# TASK BRIEF
Wherever a picture sits, omit it. Output the rest of the listing exactly.

# INFORMATION SUPPLIED
++++++++++++++++++++
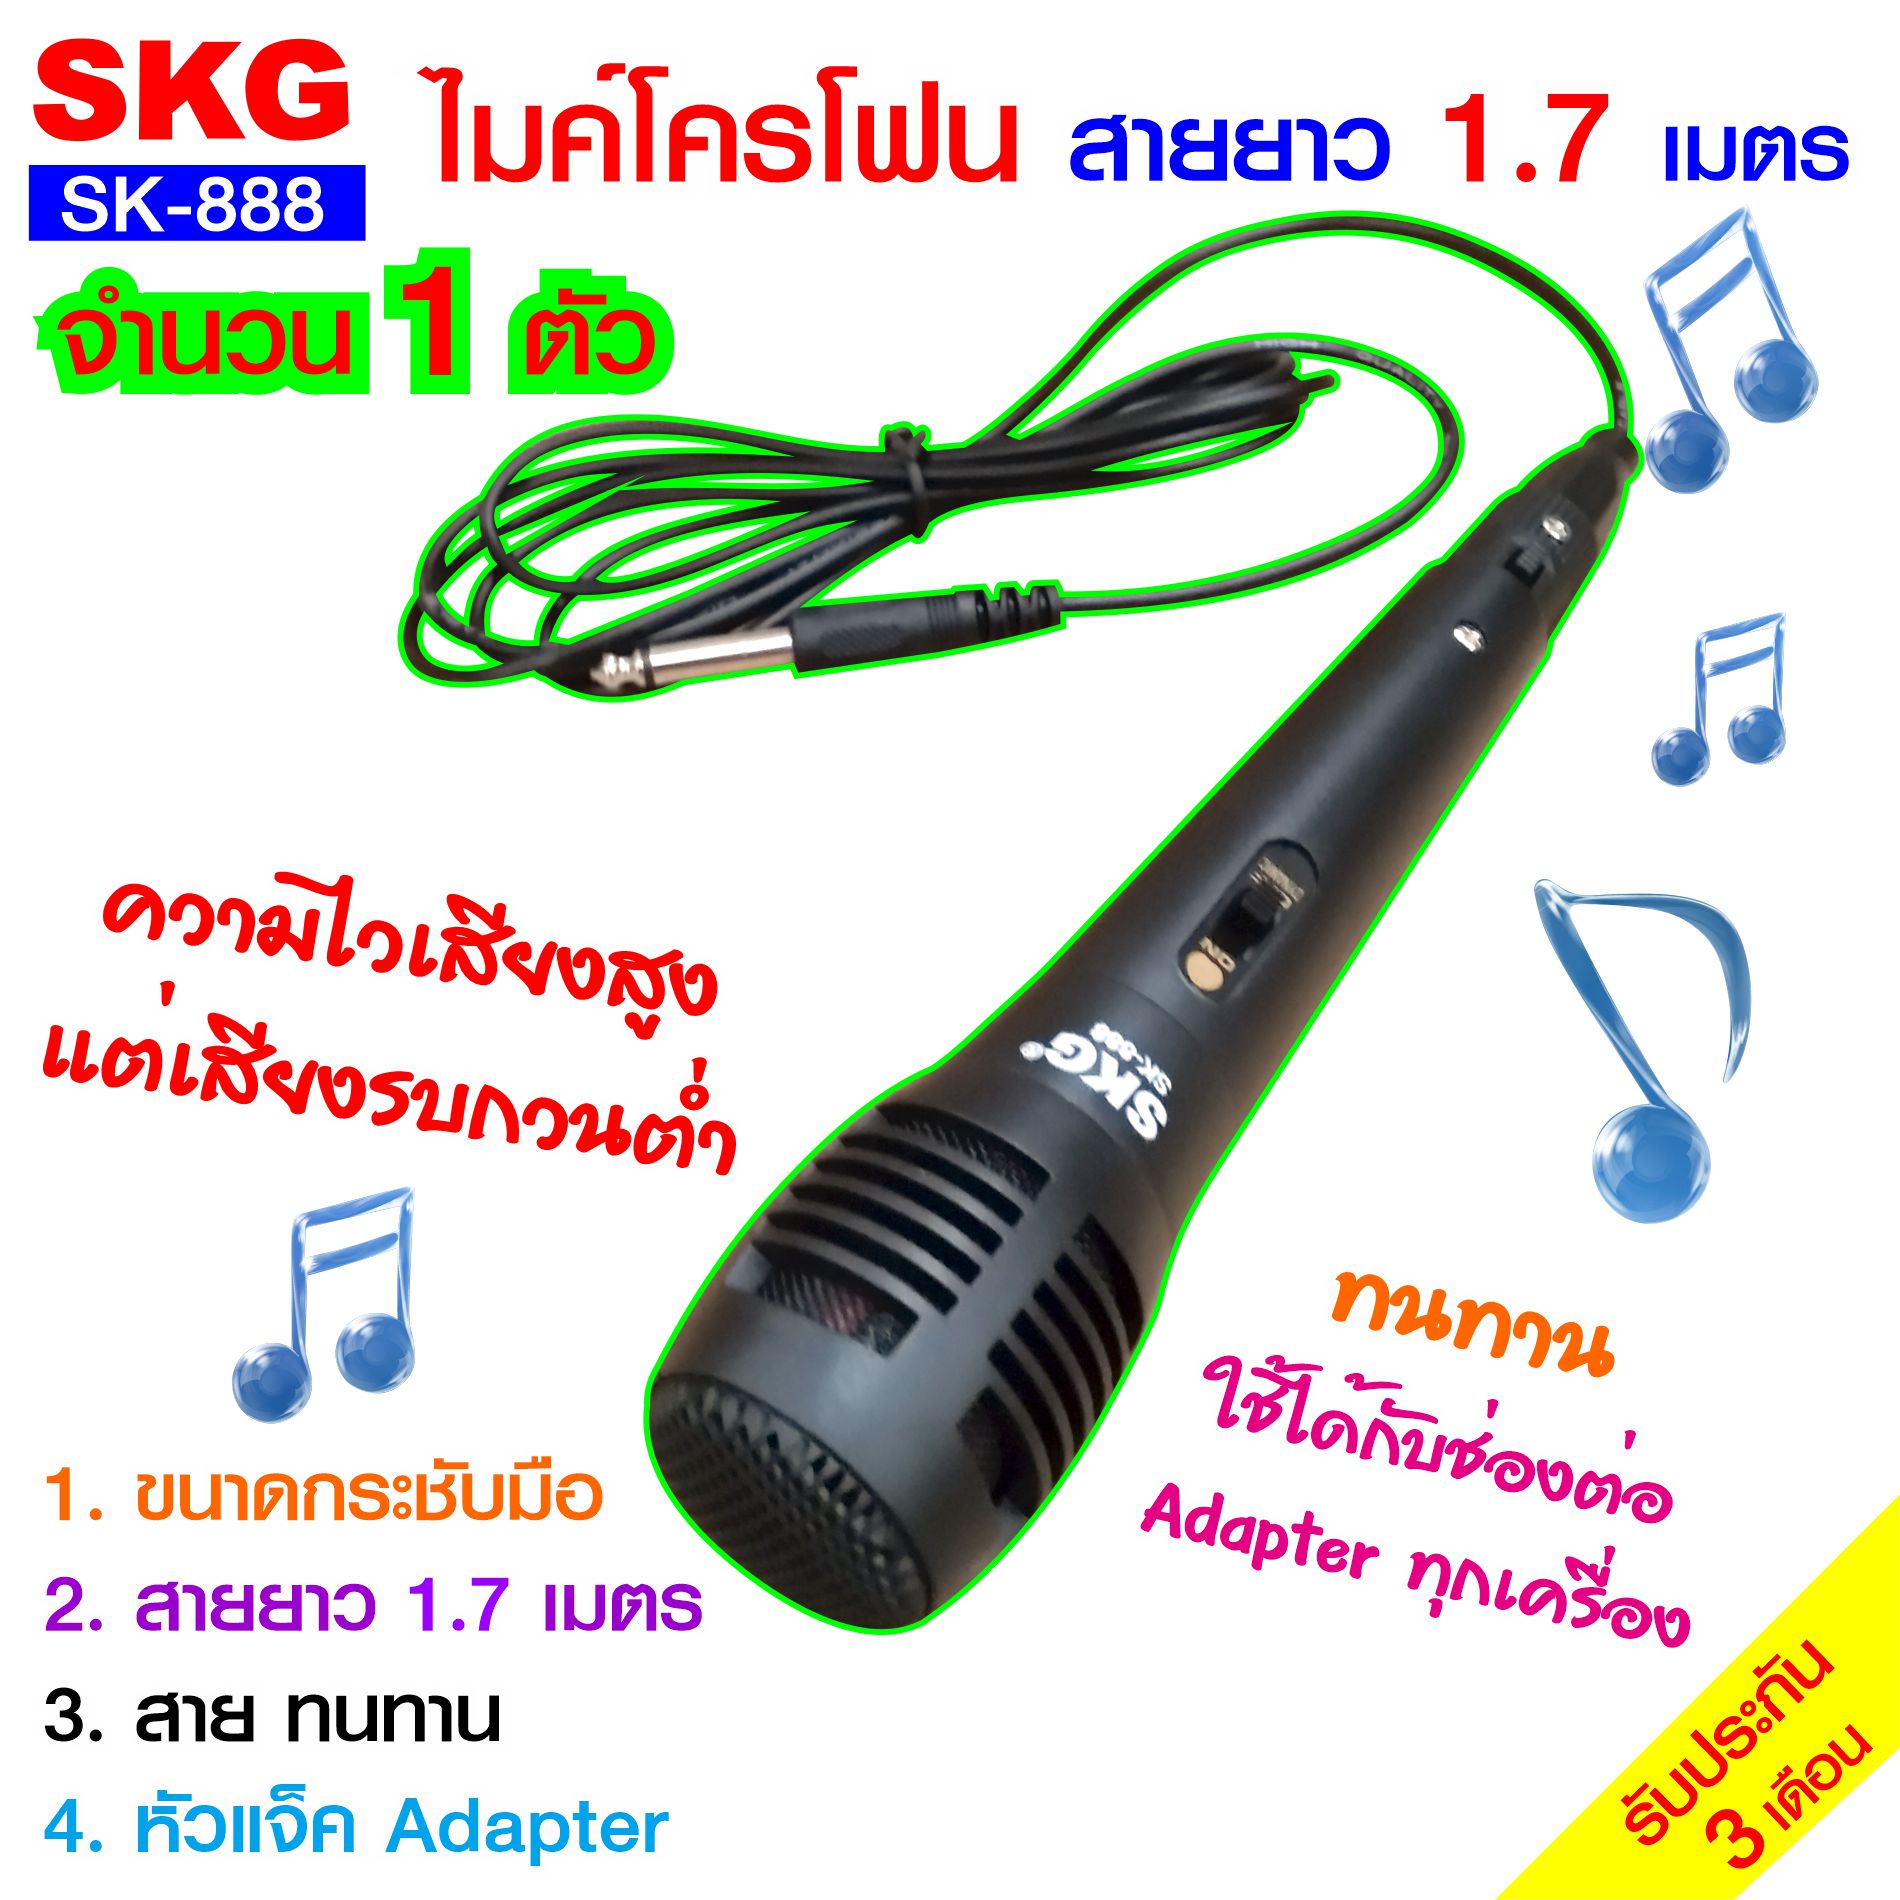 ไมโครโฟน แบบสาย ยาว 1.7เมตร รุ่น SK-888 (สีดำ)
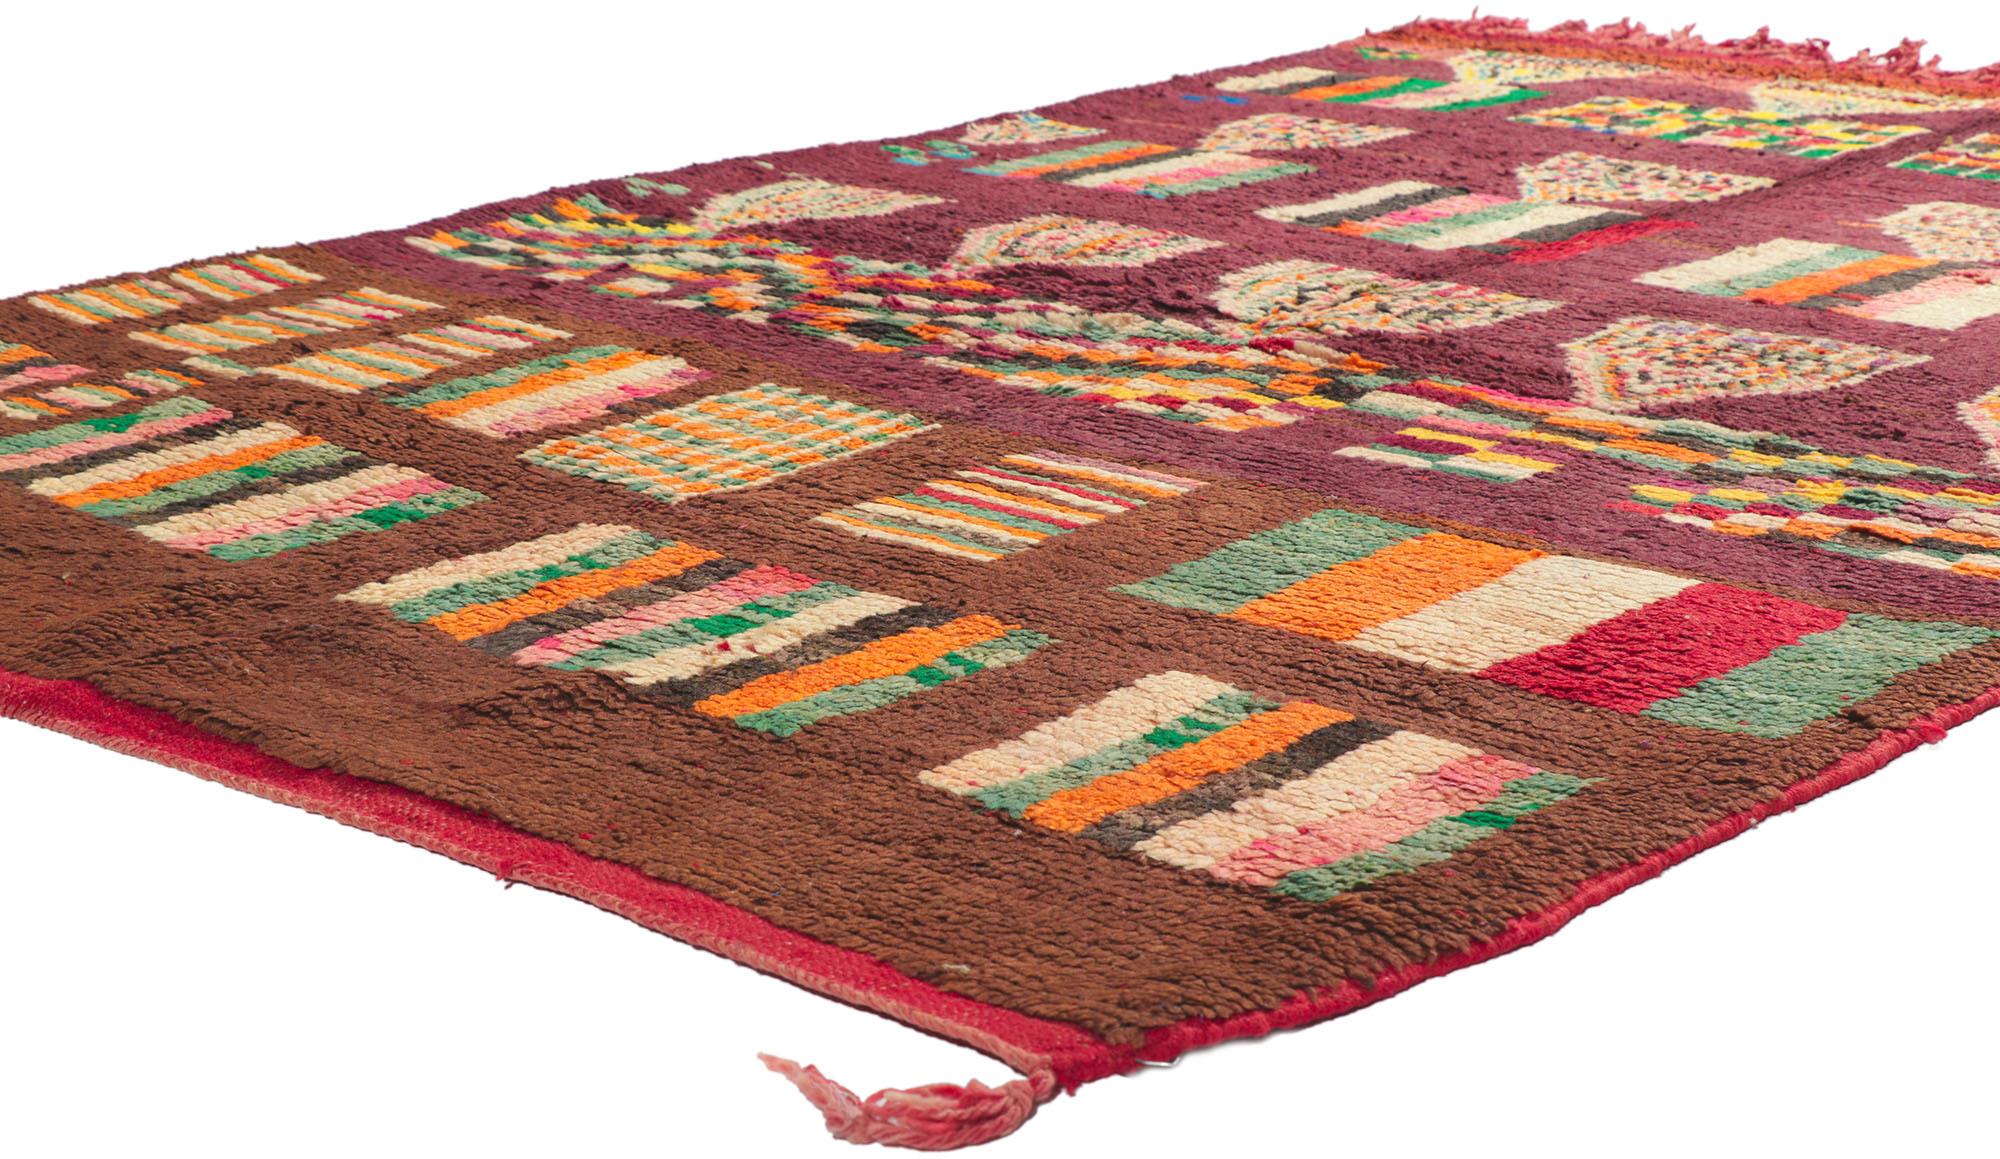 20309 Vintage Boujad Marokkanischer Teppich mit Bauhaus-Stil, 05'03 x 07'06. Die aus der marokkanischen Region Boujad stammenden Boujad-Teppiche sind mehr als nur Bodenbeläge; sie sind exquisite handgewebte Meisterwerke, die das lebendige
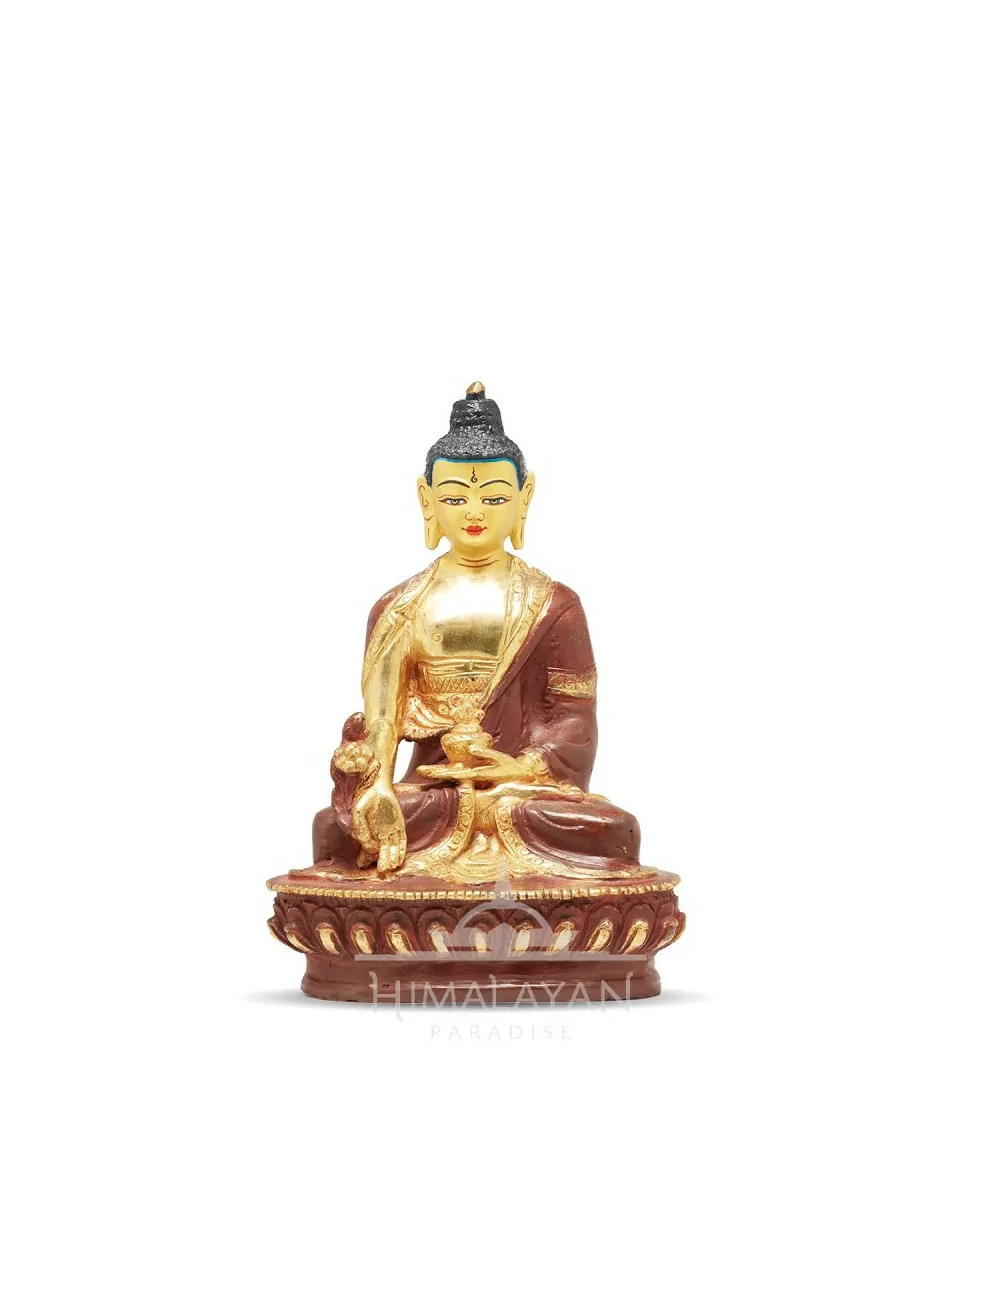 Estàtua Bronze Buda Medicina |Himalayan Paradise
++++++++++++++++++++
# WRITTEN RESPONSE
 ไมโครโฟน แบบสาย ยาว 1.7เมตร รุ่น SK-888 (สีดำ)
 20309 Vintage Boujad Marokkanischer Teppich mit Bauhaus-Stil, 05'03 x 07'06. Die aus der marokkanischen Region Boujad stammenden Boujad-Teppiche sind mehr als nur Bodenbeläge; sie sind exquisite handgewebte Meisterwerke, die das lebendige
 Estàtua Bronze Buda Medicina |Himalayan Paradise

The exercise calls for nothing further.